The Guardian echo’s findings from the HBR study, showing too few firms using data to support their social media marketing ROI or extracting business intelligence from their social media network.
Compare these numbers to data in the infographic to the right and you see a huge disconnect.
91% of firms use big data to make money, yet MOST don’t employ similar tactics to extract ROI from their social media marketing.
Using big data to make money
So, how ARE firms using big data to make money:
- improving efficiency on their shop floors to reduce waste
- identifying problems BEFORE they cause loss
- tracing CAUSES of defects and failures to the underlying condition
- finding new sources of raw materials — like oil
- making real-time decisions based on data unavailable before — such as GPS tracking
Likely, a variety of reasons explain why social media marketing lags in using big data to make money.
Social media marketing isn’t really that old.
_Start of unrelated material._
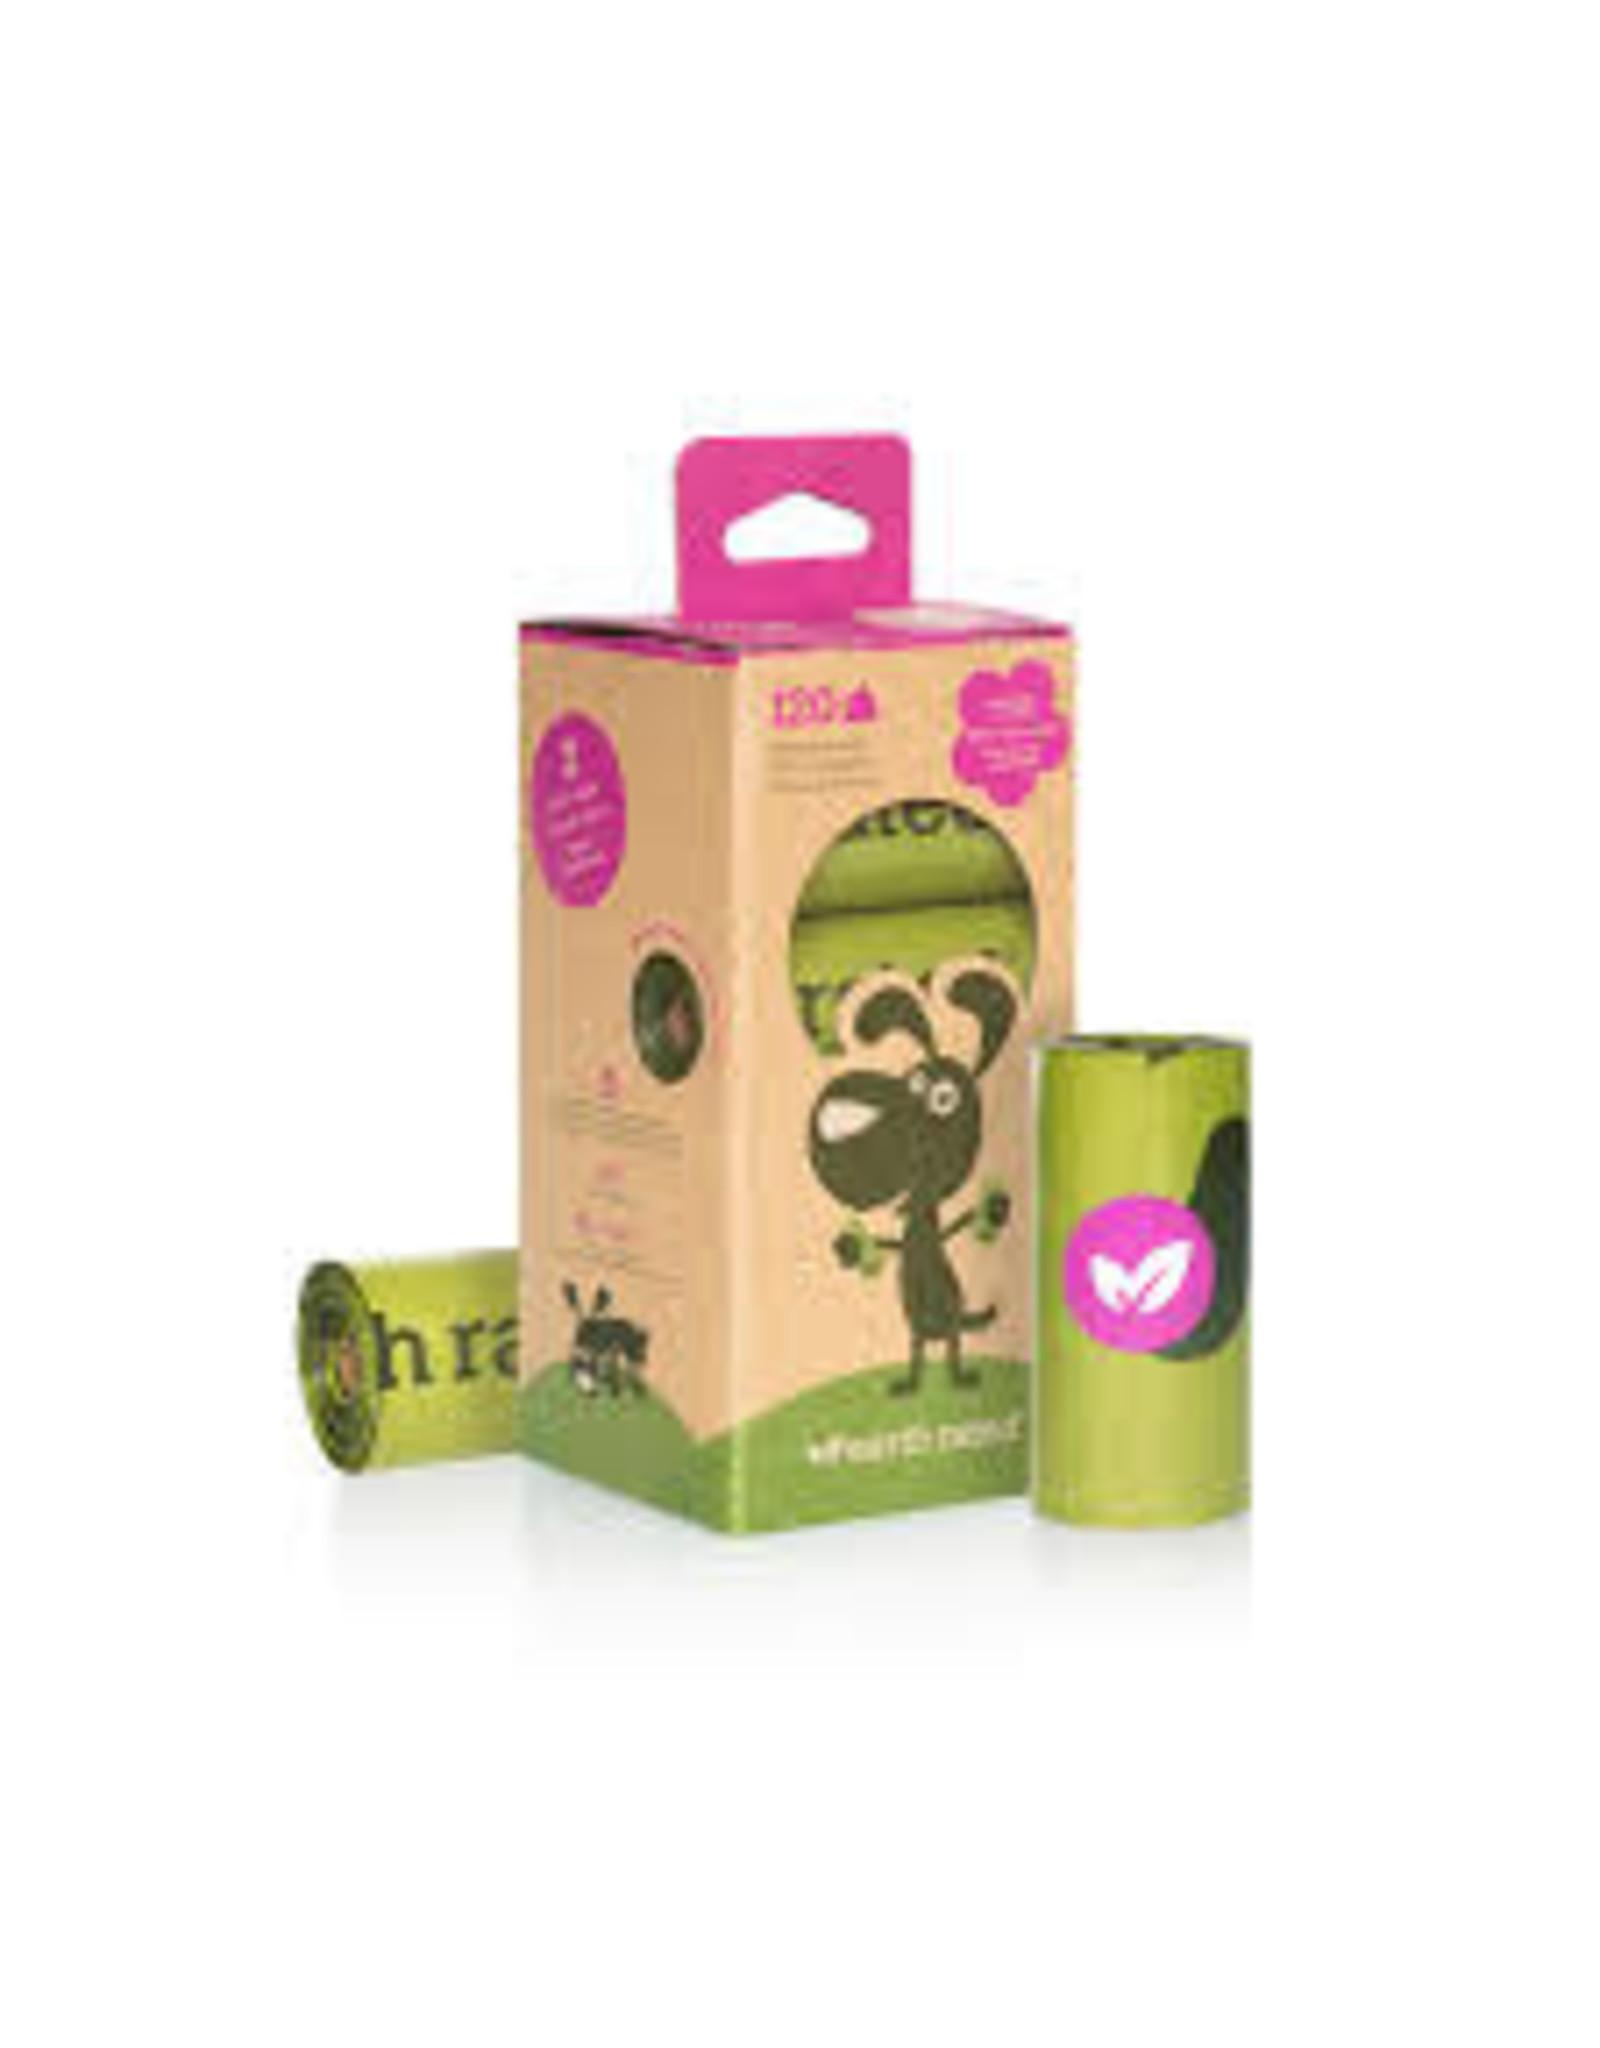 EarthRated Poop Bags: Lavendar Scented, 8 rolls
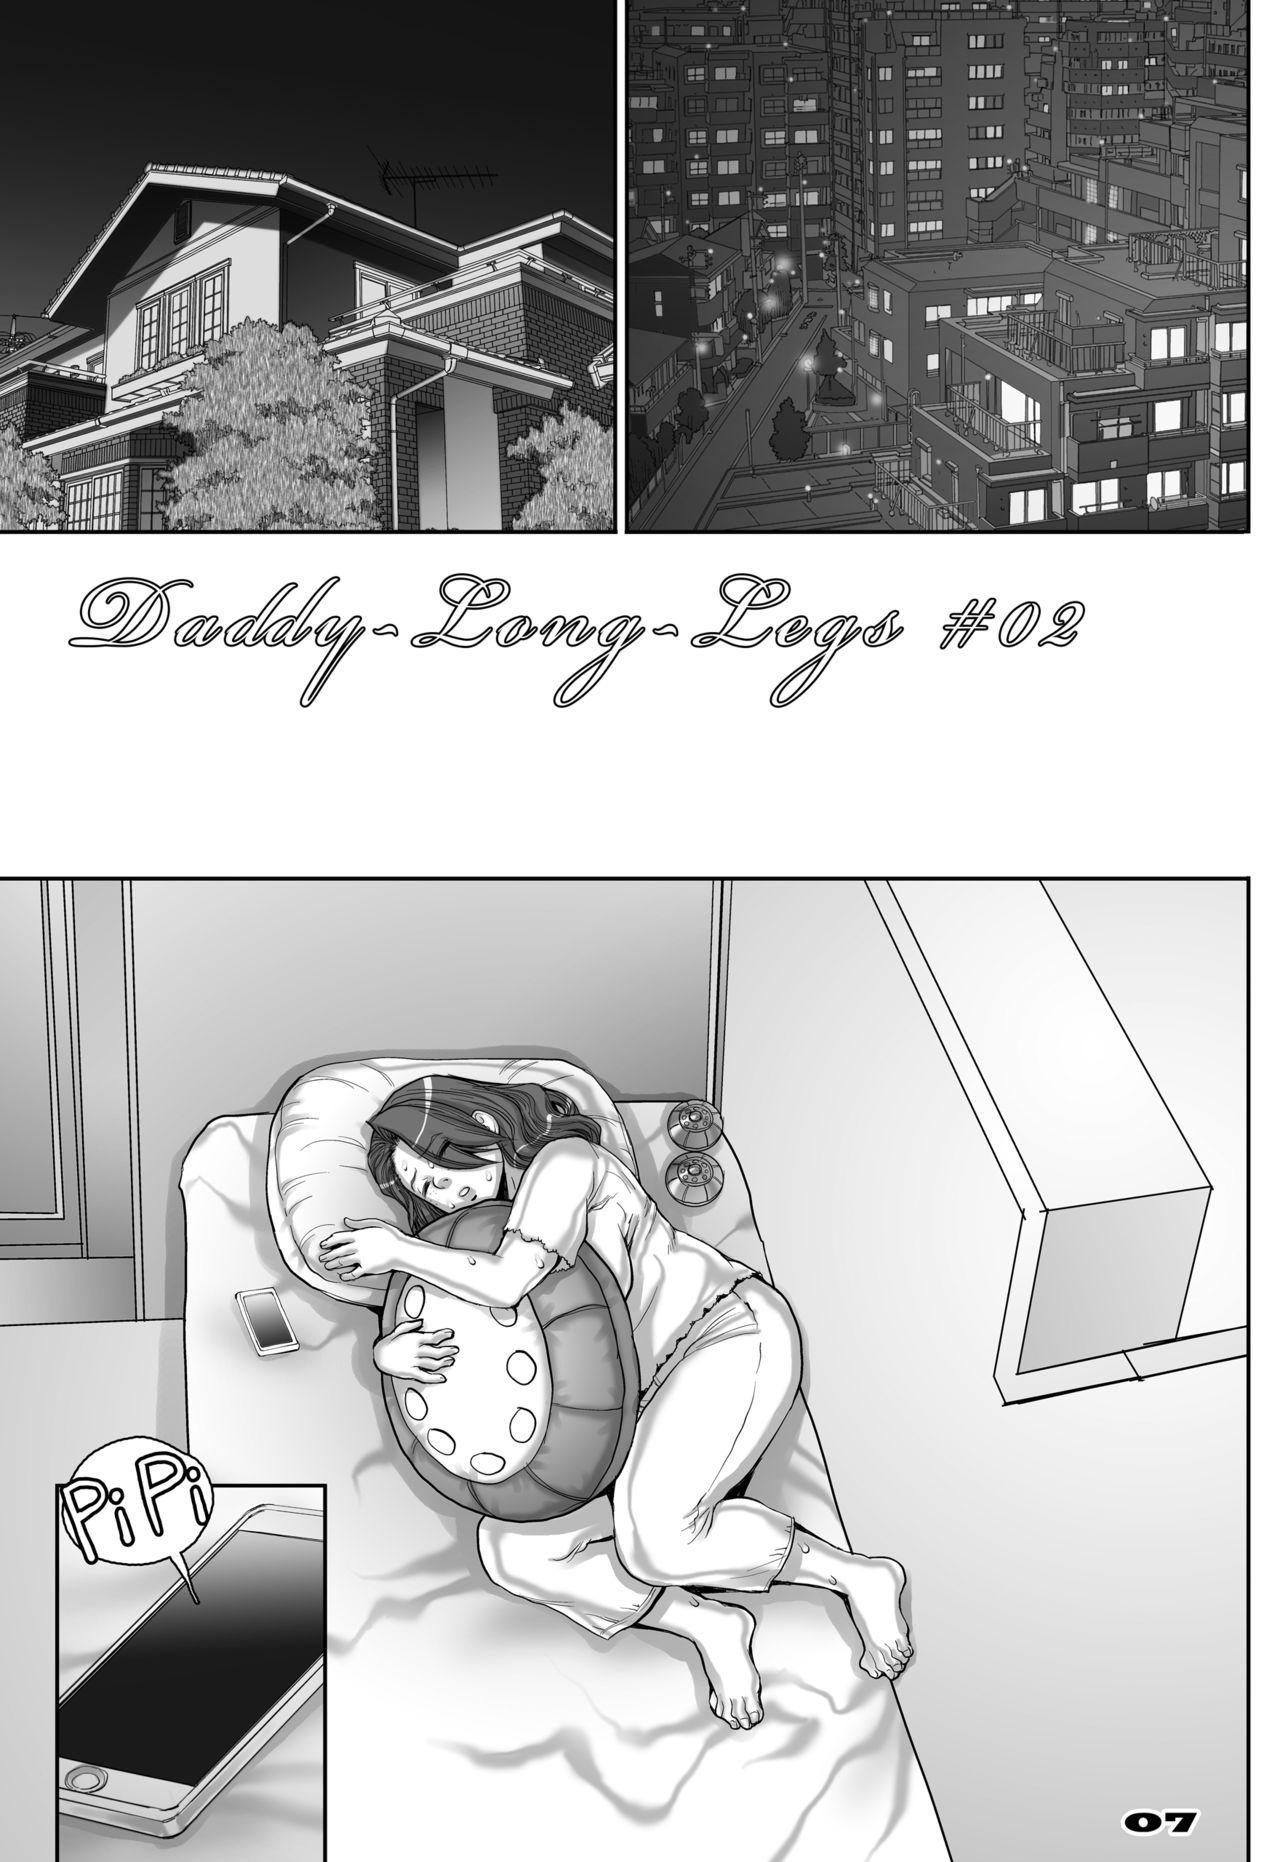 [Studio Tapa Tapa (Sengoku-kun)] Daddy-Long-Legs #2 (Gundam Build Fighters Try) [Digital] 6

I read an RFP yesterday asking for 5 years of social media experience. Well, that was the infancy of Facebook and other social platforms were unheard of 5 years ago. It’s no wonder social media marketing hasn’t developed the tools of more mature fields, such as POM (production and operations management).
2. too few skilled workers
Many folks working in social media marketing come from either marketing (or related fields like advertising and PR) or the web. Neither fields teach specific analytics skills inherently important for gleaning insights from social media metrics.
3. emphasis on vanity metrics
Social media marketers don’t really know WHAT to measure and too often default to what we can “vanity metrics” — things like # Fans. While these metrics likely say SOMETHING about the effectiveness of your social media marketing campaign, translating these vanity metrics into sound decisions is problematic.
4. prevalence and ambiguity of existing tools
Google social media analytics and you’ll get a plethora of tools — too many, in fact, to evaluate effectively. And, more tools enter this space every day. I’m writing a social media analytics book and I’ve given up trying to evaluate all the tools as part of the book.
Plus, the available tools are ambiguous. Some say they’re social media analytics, when, in fact, their analytics capabilities are minimal and their main usage is in social media automation. For instance, I love SproutSocial but calling it a social media analytics tool is REALLY a stretch. In fact, since they’ve made integration with Google Analytics an upgrade, the analytics are pretty worthless. Its value lies in other uses of the software.
5. lack of planning
Maybe this related back to some of the other 4 aspects of why social media lags in using big data to make money. But, firms run social media marketing using a “seat of the pants” approach too often — without careful strategy development. Thus, it’s unclear what firms SHOULD measure. Plus, an over-emphasis on micro-conversions (sales) overlooks all the necessary steps LEADING to sales, which you must also measure.